The house the OP is considering is made of natural materials, so I'd give it a base object resistance of 2. Its extra mass adds another +2, so a possession spirit needs 4 hits on a success test to animate it. It's going to be a prepared vessel, so the spirit will get a dice pool of Fx2+6. A Force 2 spirit would average 3.3 hits on that test, so while it could animate the house if it makes it, it can't possess it very reliably (about a 44% chance). If you want to get up to ~75% reliability, you need a pool of at least 14 dice (which actually gives you about 74%). That takes a Force 4 spirit. F5 gives you 83%, and F6 gets you close to 90%.

I like this rule.

Homunculus move with joints but with out the need of an engine (though I think they can make use of them). Possessing an object like a toaster that has not been made homunculus is different. Possessing a toaster lets you just make the toaster do things a toaster can do not hop around.

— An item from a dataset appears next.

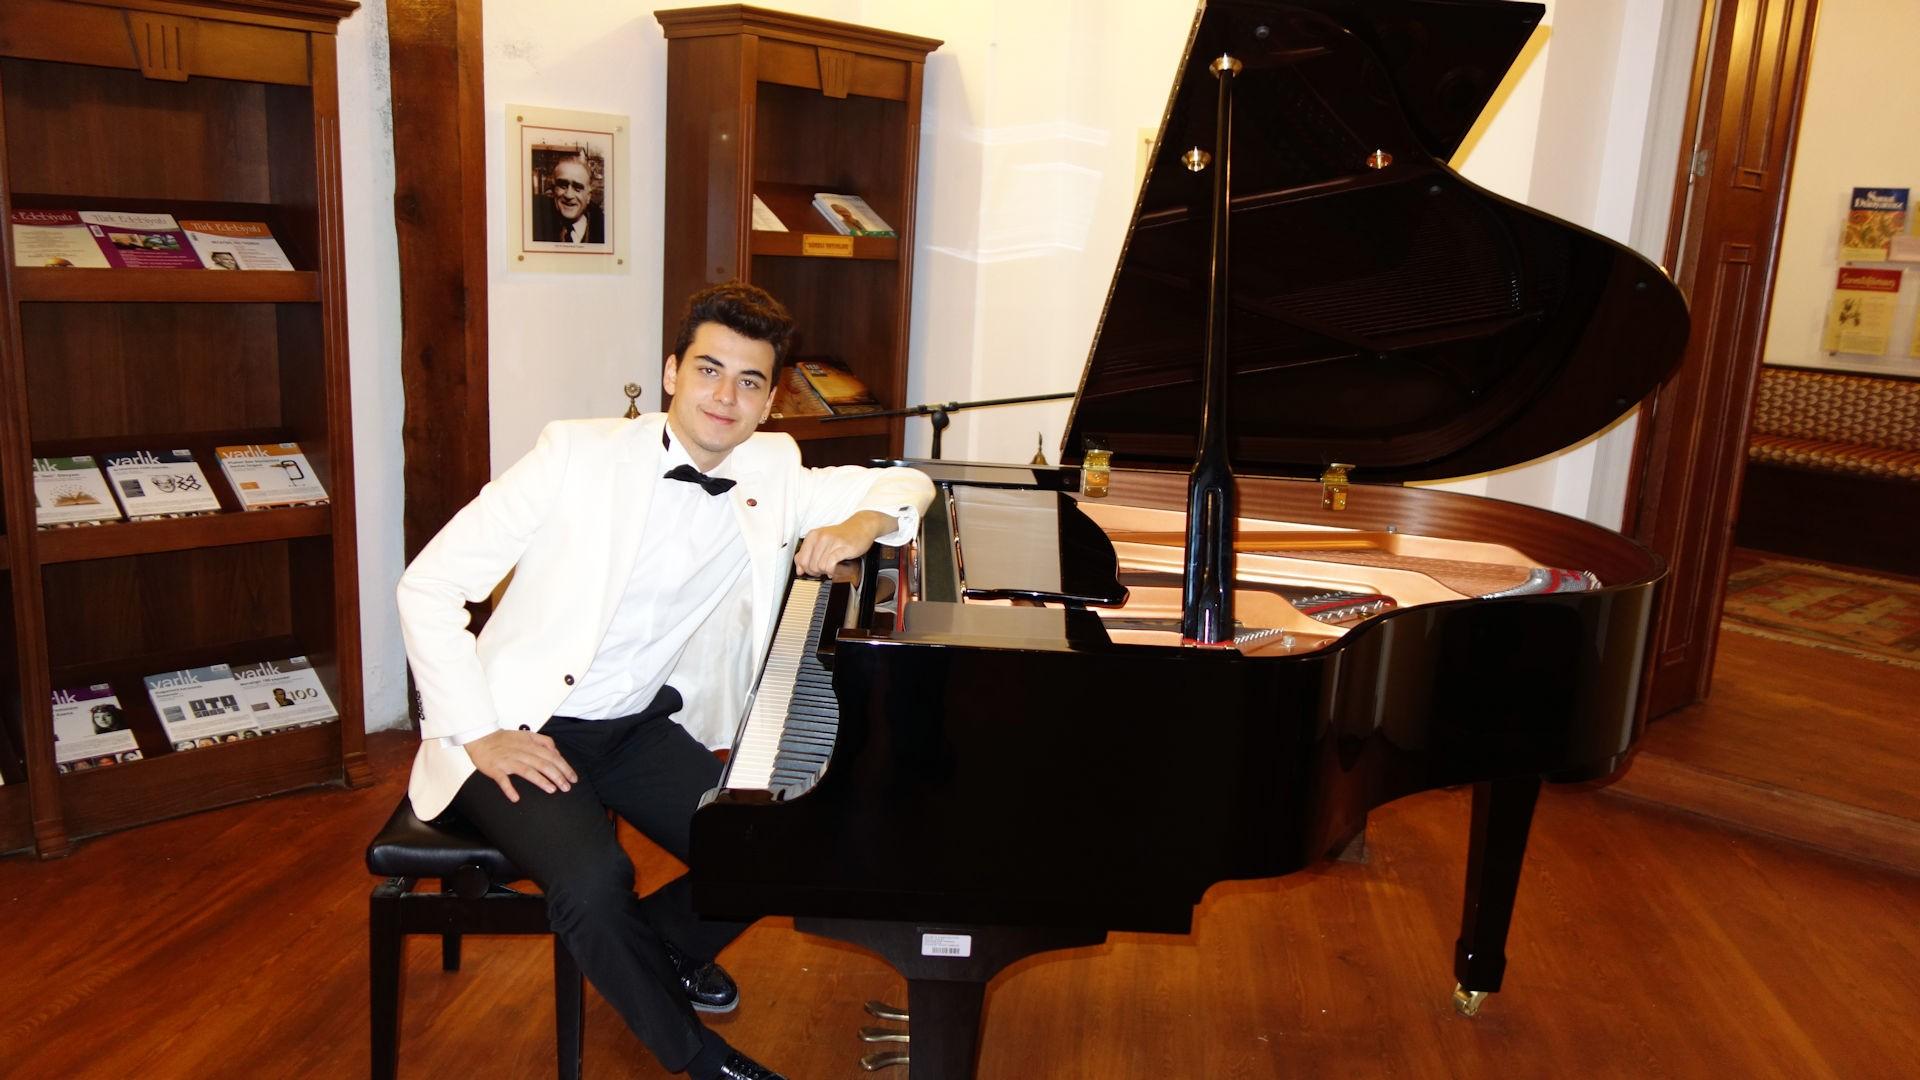 Genç Piyanist Güneş Yakartepe Son 5 Yılda Yaptığı Konser Etkinlikleri Listesi 2016 2017 Piyano Müzik Dinleti Piyanotürk

But I don't know if there is any real distinction. It may just be separate entries because the homunculus paragraph has guidelines for the weight of the body but for objects is does not seems to matter how small the object is.

I suppose the same threshold would hold true in both cases. I suppose the way to prevent 2000kg (heavy for an empty delivery van) from being to much is to use a larger multiple than 2. Three four, five, or even ten might work better.

I can see the problem with adding this rule as something hard and fast is that it would require a lot of weight guessing, or looking things up and calculating. This is starting to remind me of Gurps formulas for things.